15:04:57 [Moderator] Can you describe the area of machine learning that you work in?
15:05:05 I have been working on machine learning emulation of dynamical downscaling from lower resolution global climate model to higher resolution regional climate model.
15:05:22 [Moderator] And how long have you been working in that specific area?
15:05:26 Like a year and a half.
15:05:34 [Moderator] Can you describe the type of training data that you work with, such as image, text, tabular data, et cetera?
15:05:41 So the data that we're working with is climate model outputs, which are time-space fields that are regularly sampled.
15:05:51 These are gridded data sets that You know, the They've got a grid that is the model grid that is, you know, has spatial extent to it and is the output is regular in time and it's it's model outputs So it's
15:06:12 Completely uniform in coverage and structure.
15:06:20 [Moderator] The data sets that you use for training then, are they made from scratch or are they repurposed from other sources?
15:06:27 These are repurposed from other sources. They were they were. So the two data sets in particular that we're using are the ERA5 reanalysis, which is sort of our best estimate of the historical state of the atmosphere based on running a weather forecast model
15:06:49 That is continuously sort of steered to match up with observations as best as possible.

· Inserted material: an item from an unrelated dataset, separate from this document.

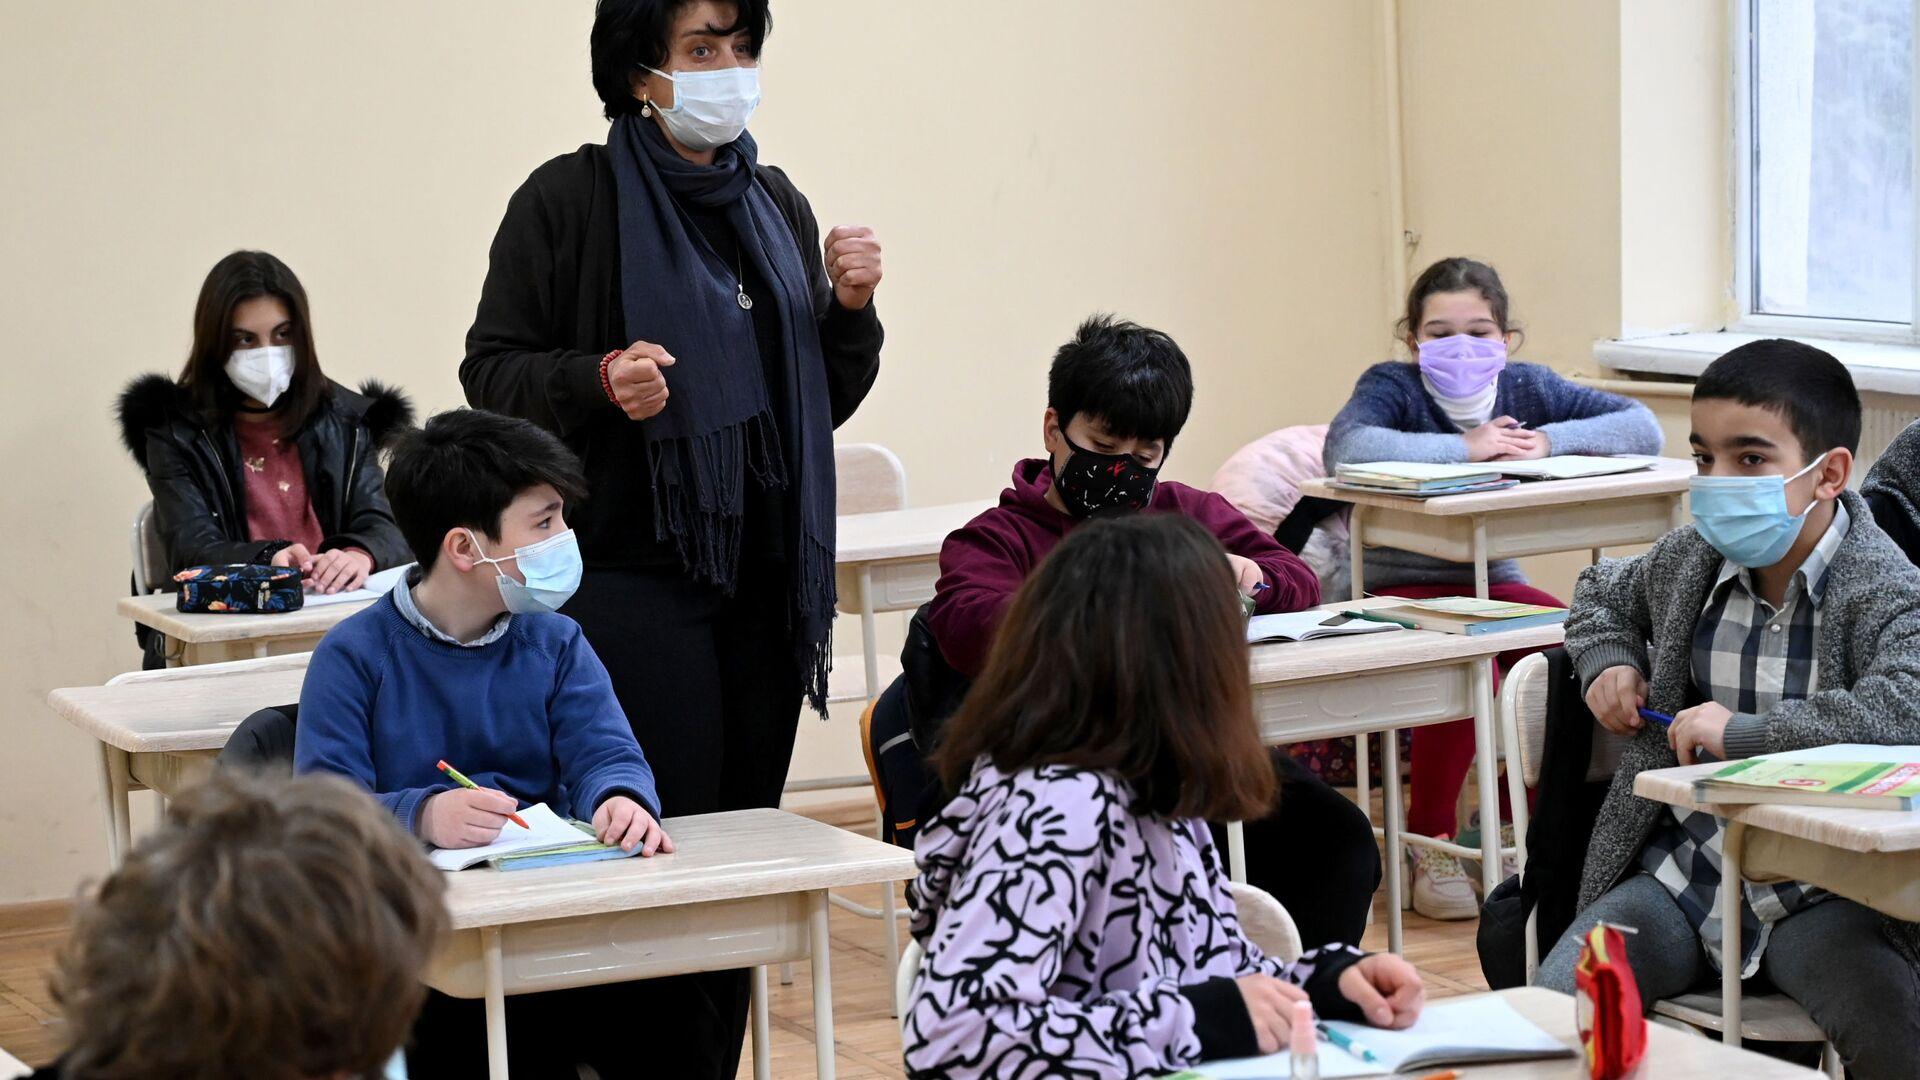 Учеба в школе во время эпидемии коронавируса - дети и педагоги в масках - Sputnik Грузия, 1920, 03.05.2021

15:06:56 And then, um. A data product that was generated by taking a regional climate model and using that other model as the input and downscaling it to four kilometers over the U.S., which is the spatial resolution where there are some processes that are now
15:07:16 Explicitly resolved instead of being parameterized with approximations. And that was done for, you know, the first one was done just for general weather use. The second one was done for hydrology use in particular, but all of these climate data sets are generated
15:07:38 With the intent that lots of different people will use them in lots of different applications.

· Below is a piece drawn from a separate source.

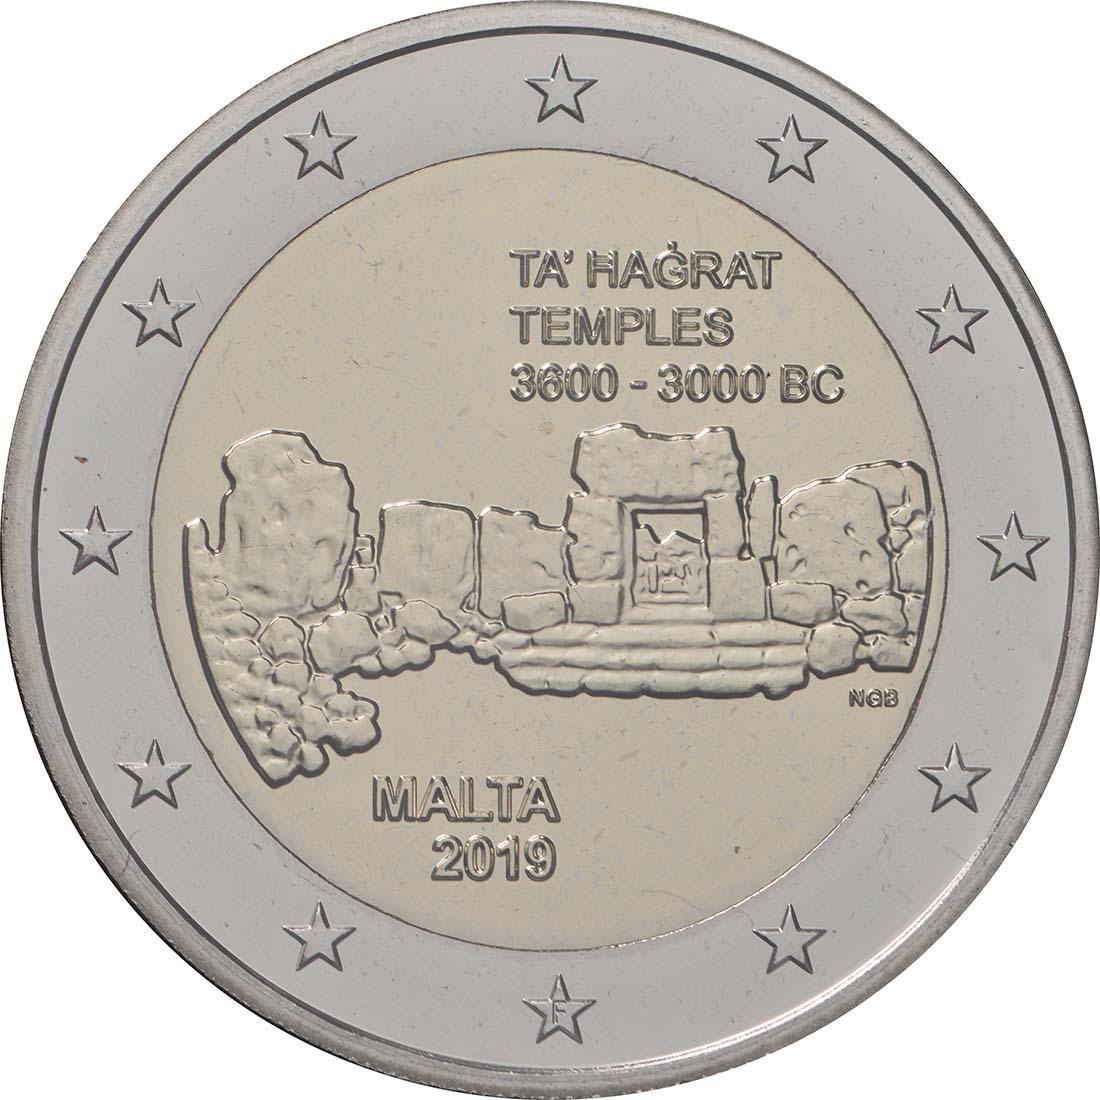 2019 344 Malta Ta Hagrat (Mz F).jpg

15:07:46 Which is a way that climate science is different than a lot of other scientific fields.
15:07:53 [Moderator] And do you create any of the metadata for the data that you process or receive?
15:07:59 Um…
15:08:04 Mostly no, but there's an asterisk there because I had to take one of the data sets and I had to clean it up.
15:08:12 Which involved adding some metadata but doing that, I'm following a community standard for metadata.
15:08:23 [Moderator] And would you mind explaining what that community standard is or naming it?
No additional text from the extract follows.